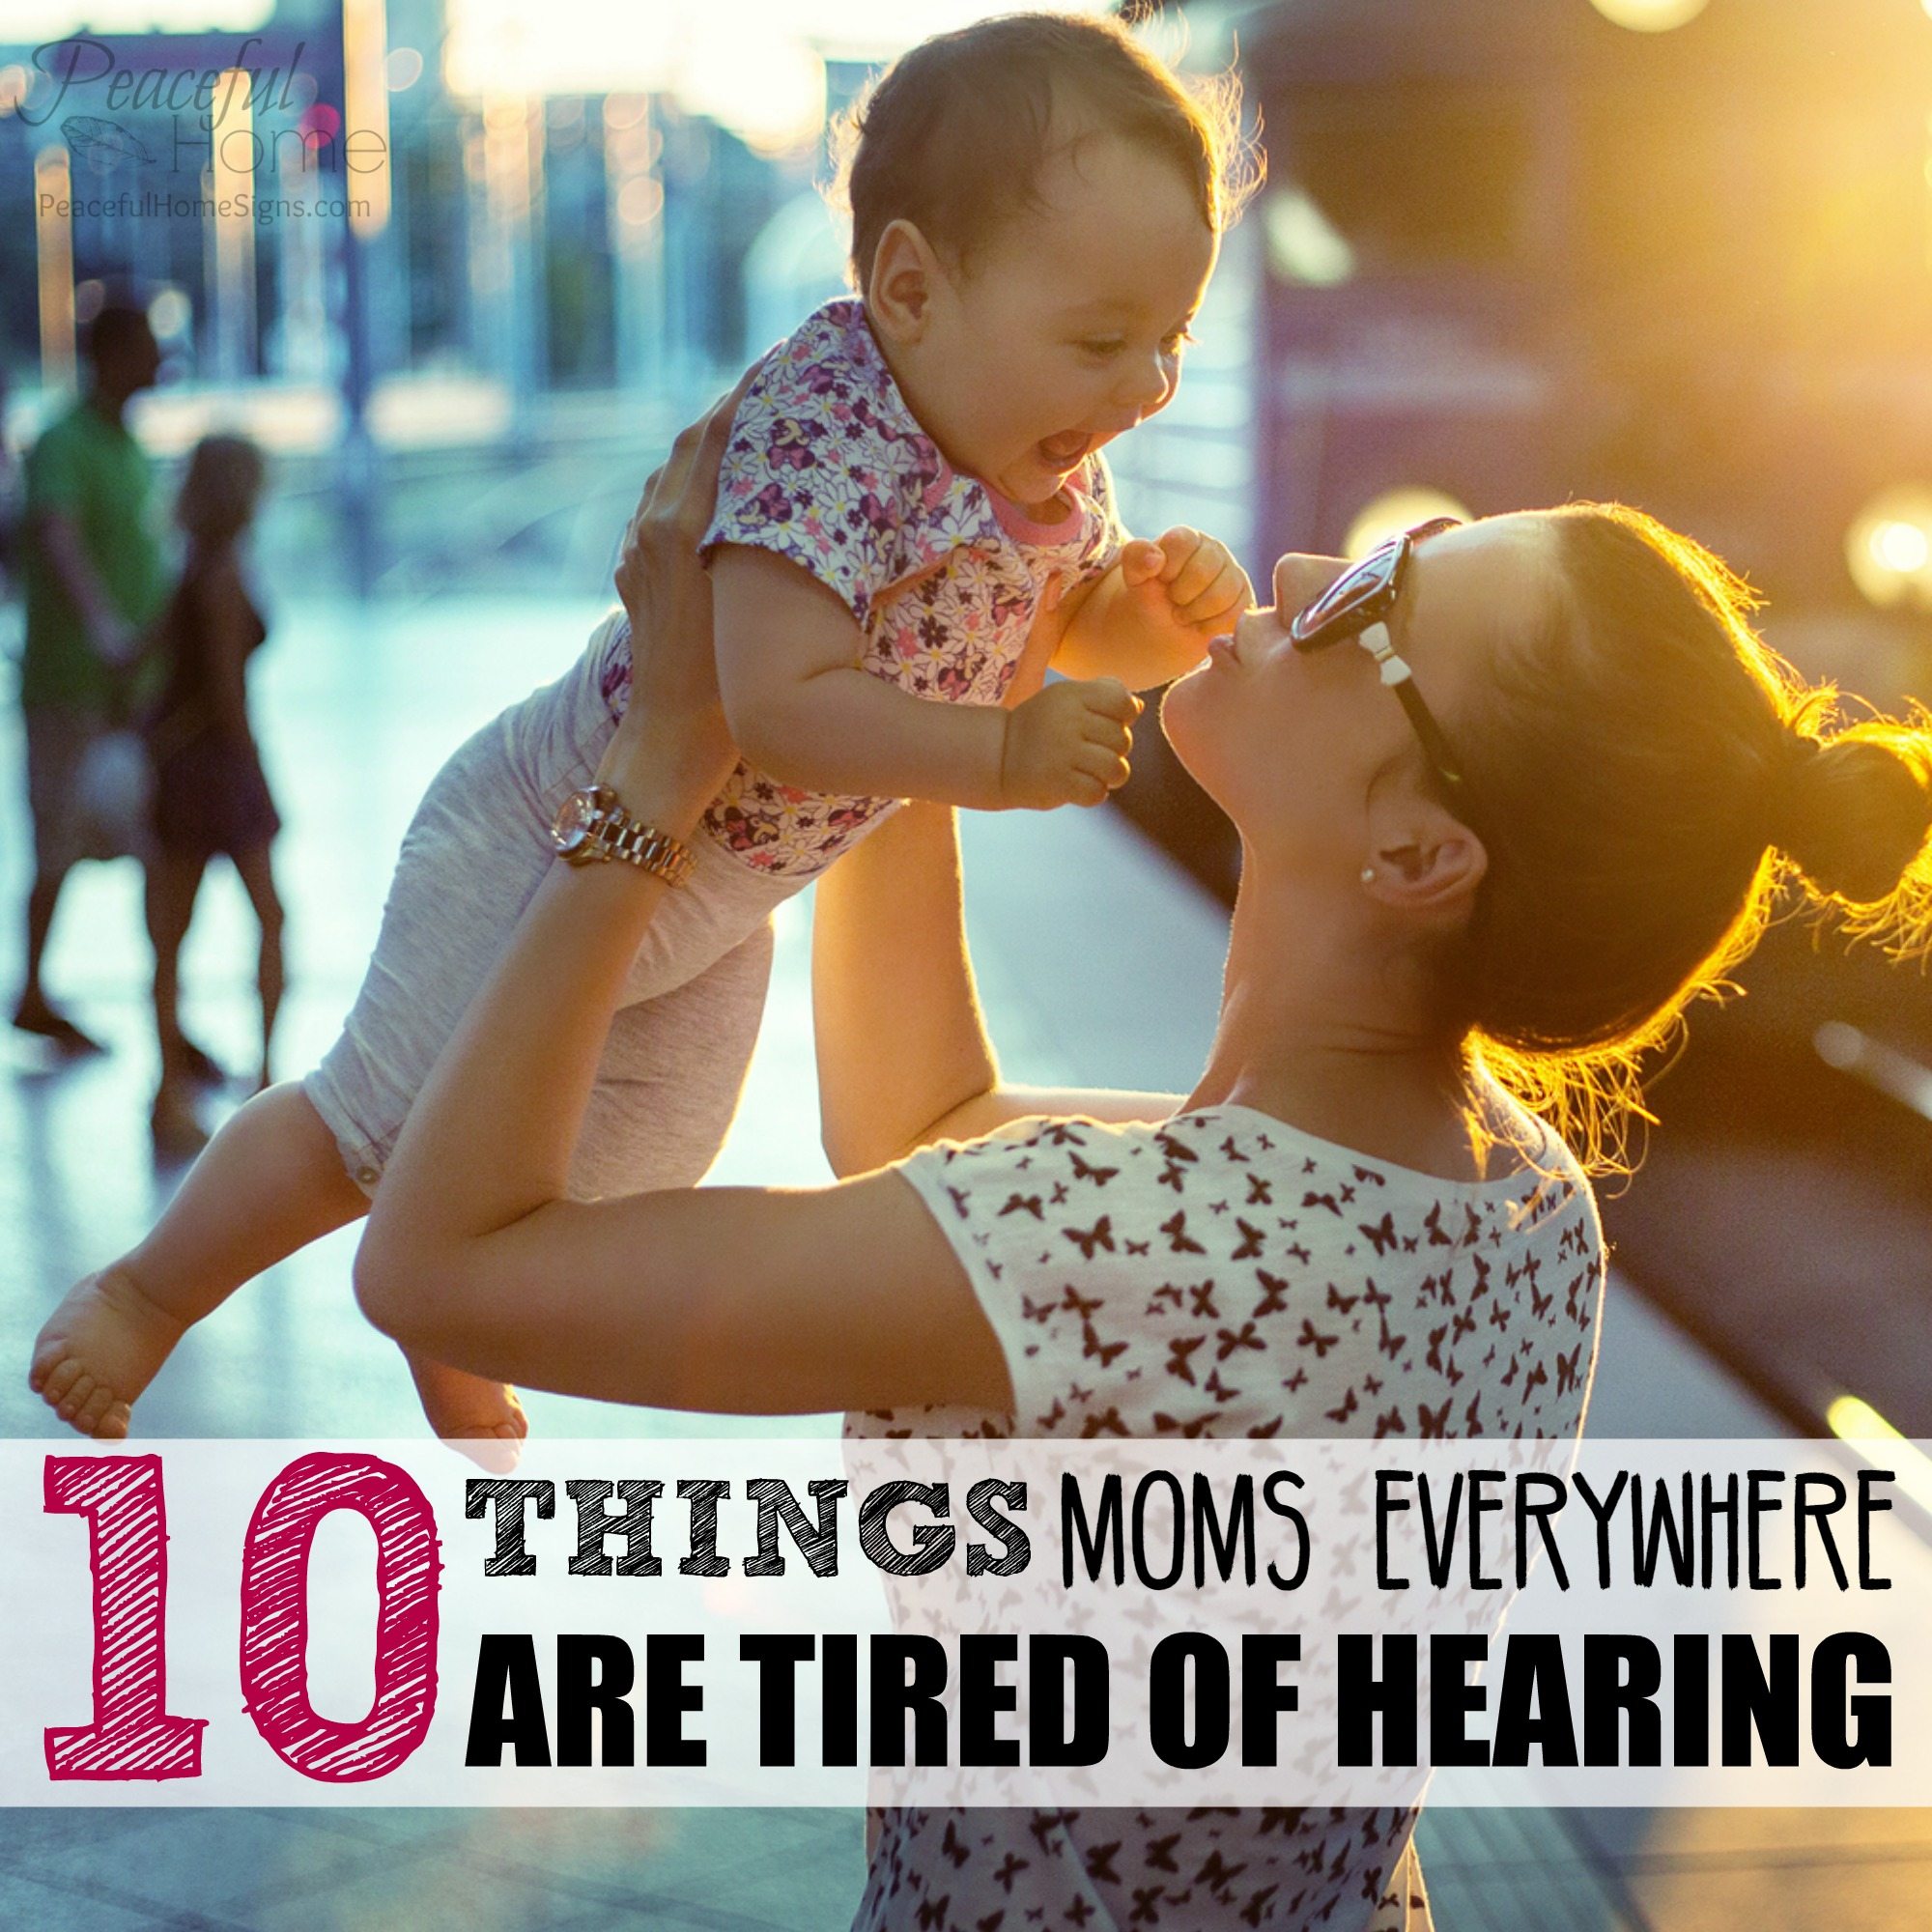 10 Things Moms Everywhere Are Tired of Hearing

===

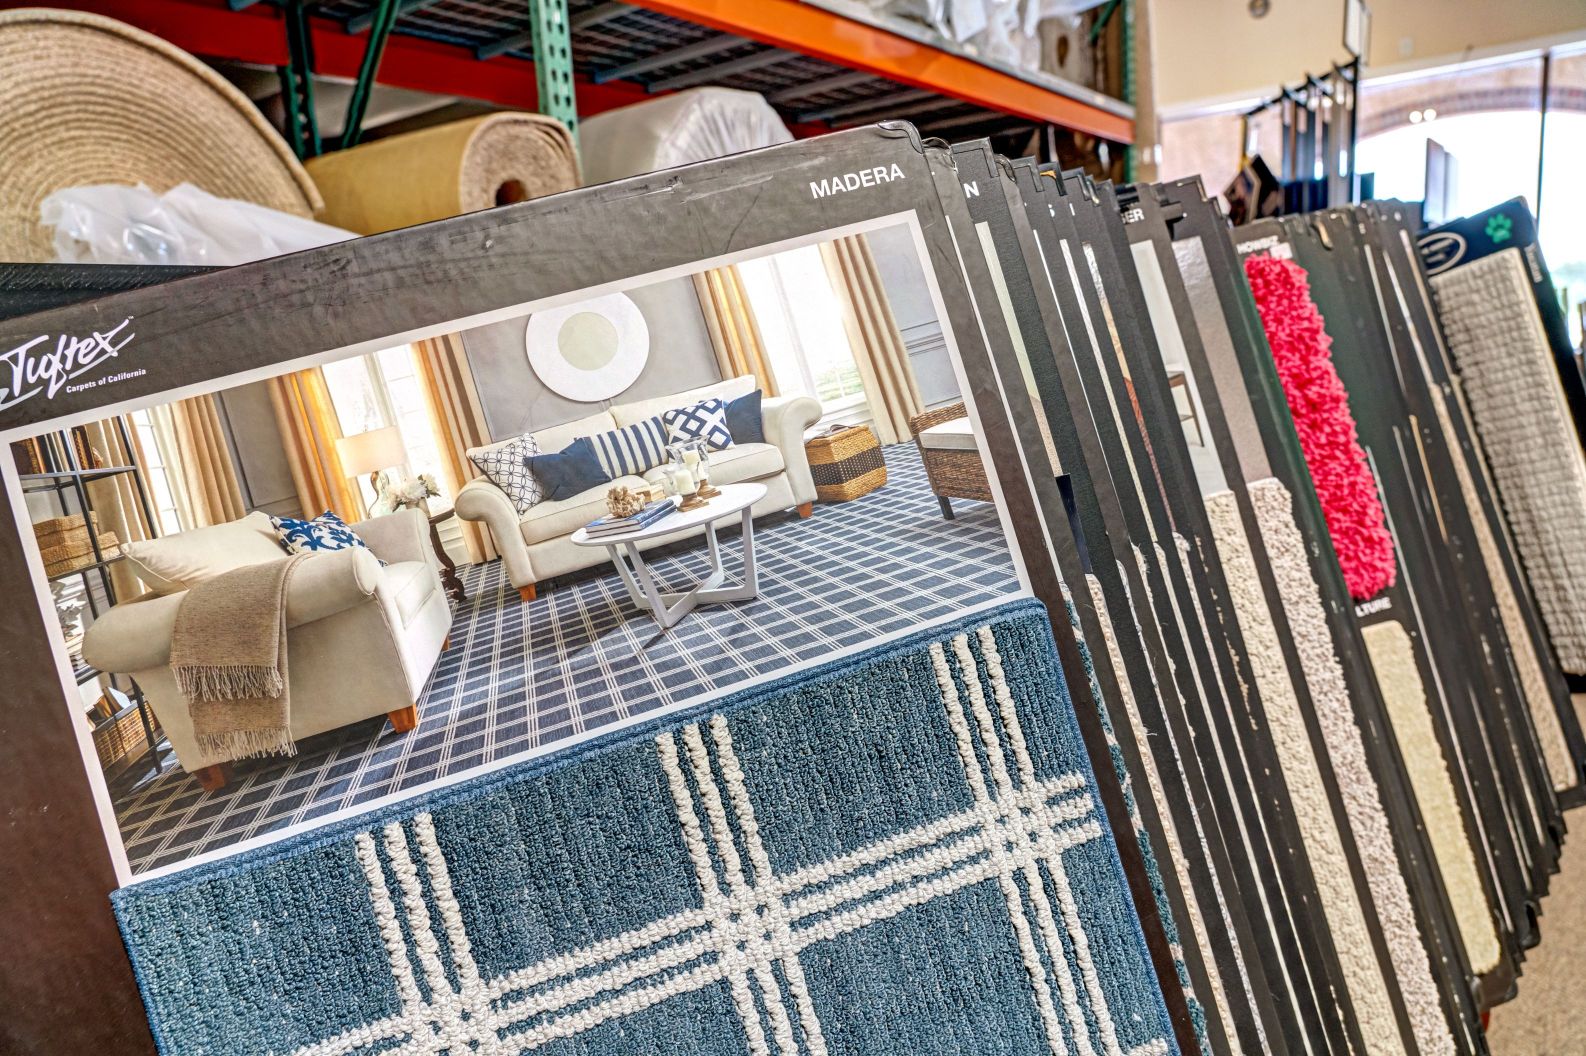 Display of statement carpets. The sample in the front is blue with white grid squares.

===

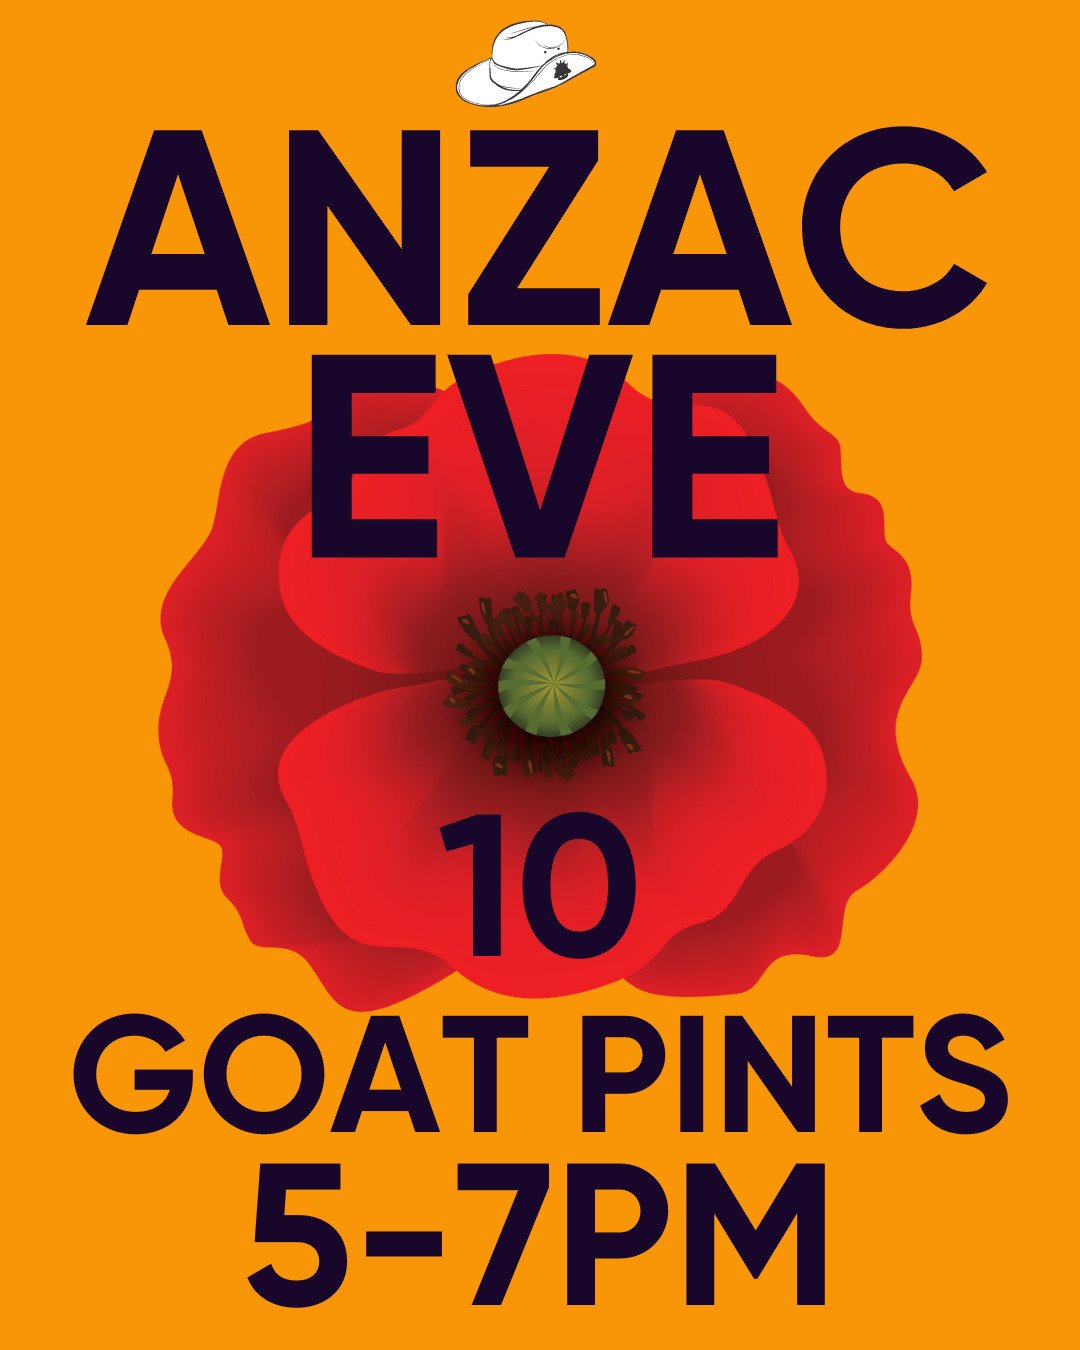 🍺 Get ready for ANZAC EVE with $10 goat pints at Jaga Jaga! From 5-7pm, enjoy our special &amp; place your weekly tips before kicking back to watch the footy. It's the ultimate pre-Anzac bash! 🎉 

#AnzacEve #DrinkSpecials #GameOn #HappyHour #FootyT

===

> Work to be completed
Copy the lines above exactly, starting at the one with "pre-Anzac bash! 🎉" and ending at the one with "#AnzacEve #DrinkSpecials #GameOn", both included. Leave out any pictures and add nothing else.

> Answer for the task
 🍺 Get ready for ANZAC EVE with $10 goat pints at Jaga Jaga! From 5-7pm, enjoy our special &amp; place your weekly tips before kicking back to watch the footy. It's the ultimate pre-Anzac bash! 🎉 

#AnzacEve #DrinkSpecials #GameOn #HappyHour #FootyT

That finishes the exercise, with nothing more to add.